The separation area 215 of the second conductive line 210 may alternately overlap the first power line 120 positioned at the lower side based on the boundary of the logic cell LC and the first power line 120 positioned at the upper side based on the boundary of the logic cell LC.

The second conductive line 210 may overlap four first conductive lines 110 within one logic cell LC. In this case, three of four points at which one second conductive line 210 and four first conductive lines 110 overlap may have the first hit point (V1 hit point).

In the previous embodiment, the second power line 320 may overlap the boundary of the logic cell LC. In the present embodiment, the second power line 320 may not overlap the boundary of the logic cell LC. Different second power lines 320 may be positioned at the upper and lower sides based on the boundary of the logic cell LC. In the present embodiment, the number of the second power lines 320 may be about twice that of the previous embodiment.

The separation area 215 of the second conductive line 210 may alternately overlap the second power line 320 positioned at the lower side based on the boundary of the logic cell LC and the second power line 320 positioned at the upper side based on the boundary of the logic cell LC.

The second conductive line 210 may overlap four third conductive lines 310 within one logic cell LC. In this case, three of four points at which one second conductive line 210 and four third conductive lines 310 overlap may have the first hit point (V1 hit point).

Hereinafter, a semiconductor device according to an embodiment will be described with reference to FIG. 19A and FIG. 19B.

FIG. 19A and FIG. 19B illustrate top plan views of some layers of a semiconductor device according to an embodiment. FIG. 19A illustrates the first conductive layer M1 and the second conductive layer M2, and FIG. 19B illustrates the second conductive layer M2 and the third conductive layer M3.

Since many parts of the embodiment shown in FIG. 19A and FIG. 19B are the same as the embodiment shown in FIG. 18A and FIG. 18B, a description thereof will not be repeated and differences will be mainly described. In addition, the same reference numerals are used for components that are the same as those of the embodiment. In the present embodiment, the number of the first conductive lines and the number of the third conductive lines positioned within one logic cell are different from those of the previous embodiment.

Four first conductive lines 110 may be positioned within one logic cell LC in the previous embodiment, and three first conductive lines 110 may be positioned within one logic cell LC in the present embodiment. The second conductive line 210 may overlap three first conductive lines 110 within one logic cell LC. In this case, two of three points at which one second conductive line 210 and three first conductive lines 110 overlap may have the first hit point (V1 hit point).

Four third conductive lines 310 may be positioned within one logic cell LC in the previous embodiment, and three third conductive lines 310 may be positioned within one logic cell LC in the present embodiment. The second conductive line 210 may overlap three third conductive lines 310 within one logic cell LC. In this case, two of three points at which one second conductive line 210 and three third conductive lines 310 overlap may have the second hit point (V2 hit point).

The number of the first conductive lines 110 and the number of the third conductive lines 310 positioned within one logic cell LC are not limited thereto, and may be variously changed. For example, the number of the first conductive lines 110 positioned within one logic cell LC may be 6 or more, and the number of the third conductive lines 310 positioned within one logic cell LC may be 6 or more.

Hereinafter, a disposition form of a plurality of cells included in a semiconductor device according to an embodiment will be described with reference to FIG. 20 to FIG. 22.
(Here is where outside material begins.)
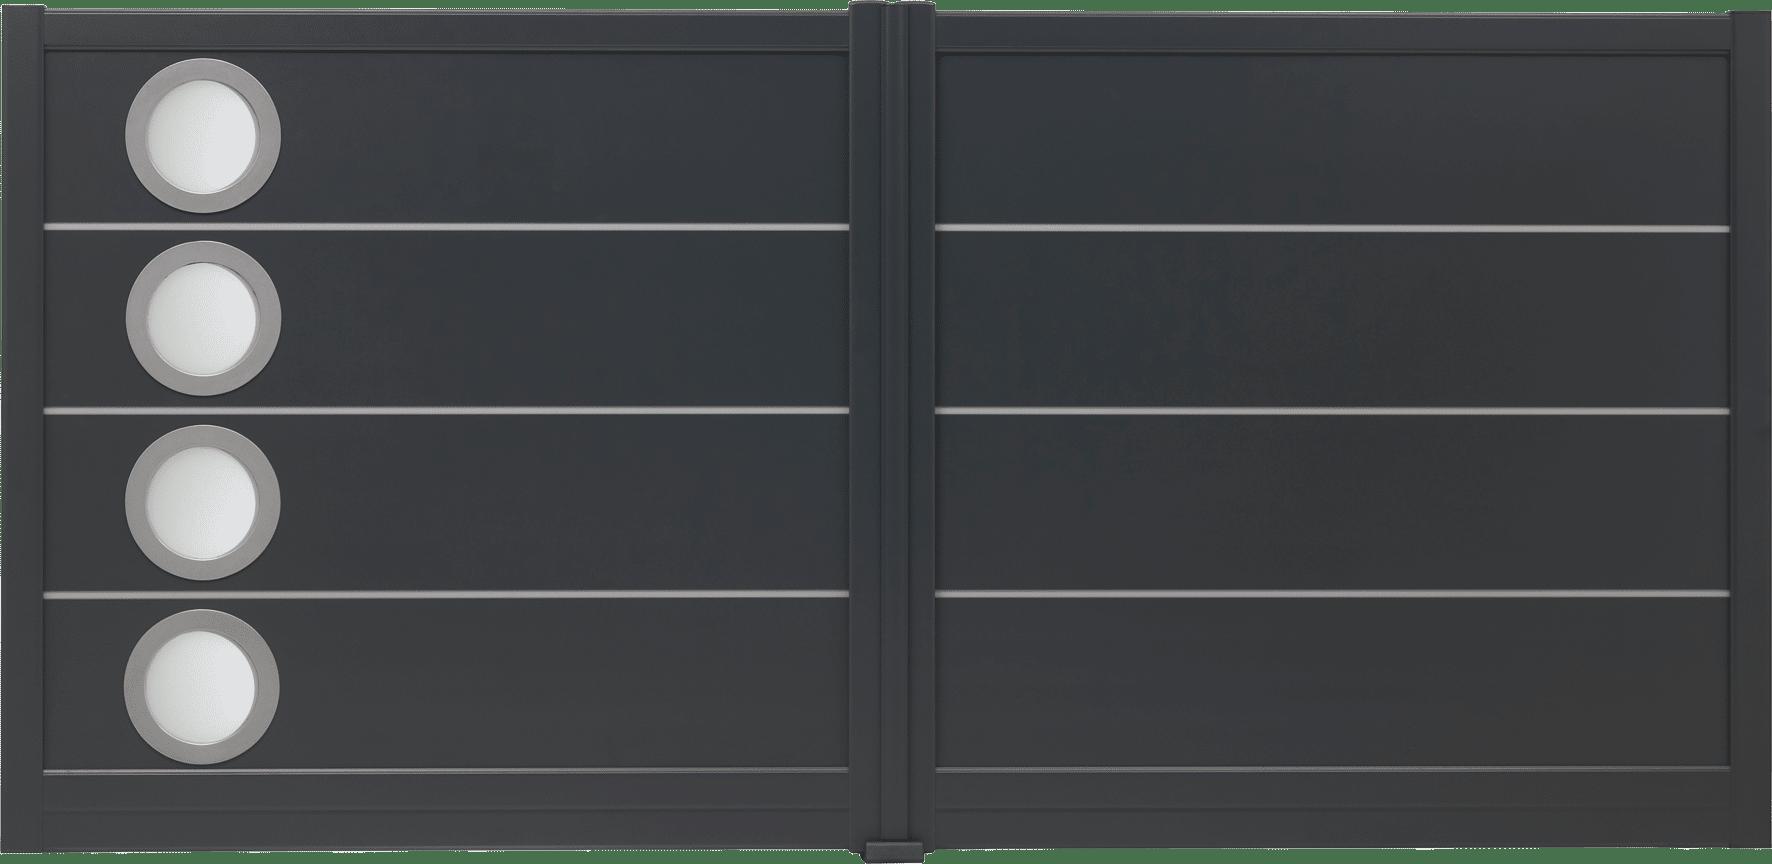 Clôture aluminium Milonga - Les modèles contemporains   Charuel 3b156929ecdf

FIG. 20 illustrates two types of cells configuring a semiconductor device according to an embodiment, and FIG. 21 and FIG. 22 illustrate disposition forms of a plurality of cells configuring a semiconductor device according to an embodiment. In FIG. 20 to FIG. 22, the second conductive line is shown, and for convenience, wires positioned in the first conductive layer and the third conductive layer are omitted from the illustration.

As shown in FIG. 20, a logic cell configuring a semiconductor device according to an embodiment may include two types (Set-1 and Set-2). Within the logic cells of two types (Set-1 and Set-2), the second conductive line 210 may be disposed in a zigzag form. The separation areas in which the second conductive lines 210 are separated are disposed so as to be alternately biased to the lower side and the upper side based on the boundary of the logic cell. The disposition shape of the second conductive line 210 in the logic cell of the first type (Set-1) may be symmetrical to the disposition shape of the second conductive line 210 in the logic cell of the second type (Set-2). For example, the second conductive lines 210 positioned at the first and third columns within the logic cell of the first type (Set-1) may be disposed to be closer to the lower edge of the logic cell. The second conductive lines 210 positioned at the second and fourth columns within the logic cell of the first type (Set-1) may be disposed to be closer to the upper edge of the logic cell. The second conductive lines 210 positioned at the first and third columns within the logic cell of the second type (Set-2) may be disposed to be closer to the upper edge of the logic cell. The second conductive lines 210 positioned at the second and fourth columns within the logic cell of the second type (Set-2) may be disposed to be closer to the lower edge of the logic cell.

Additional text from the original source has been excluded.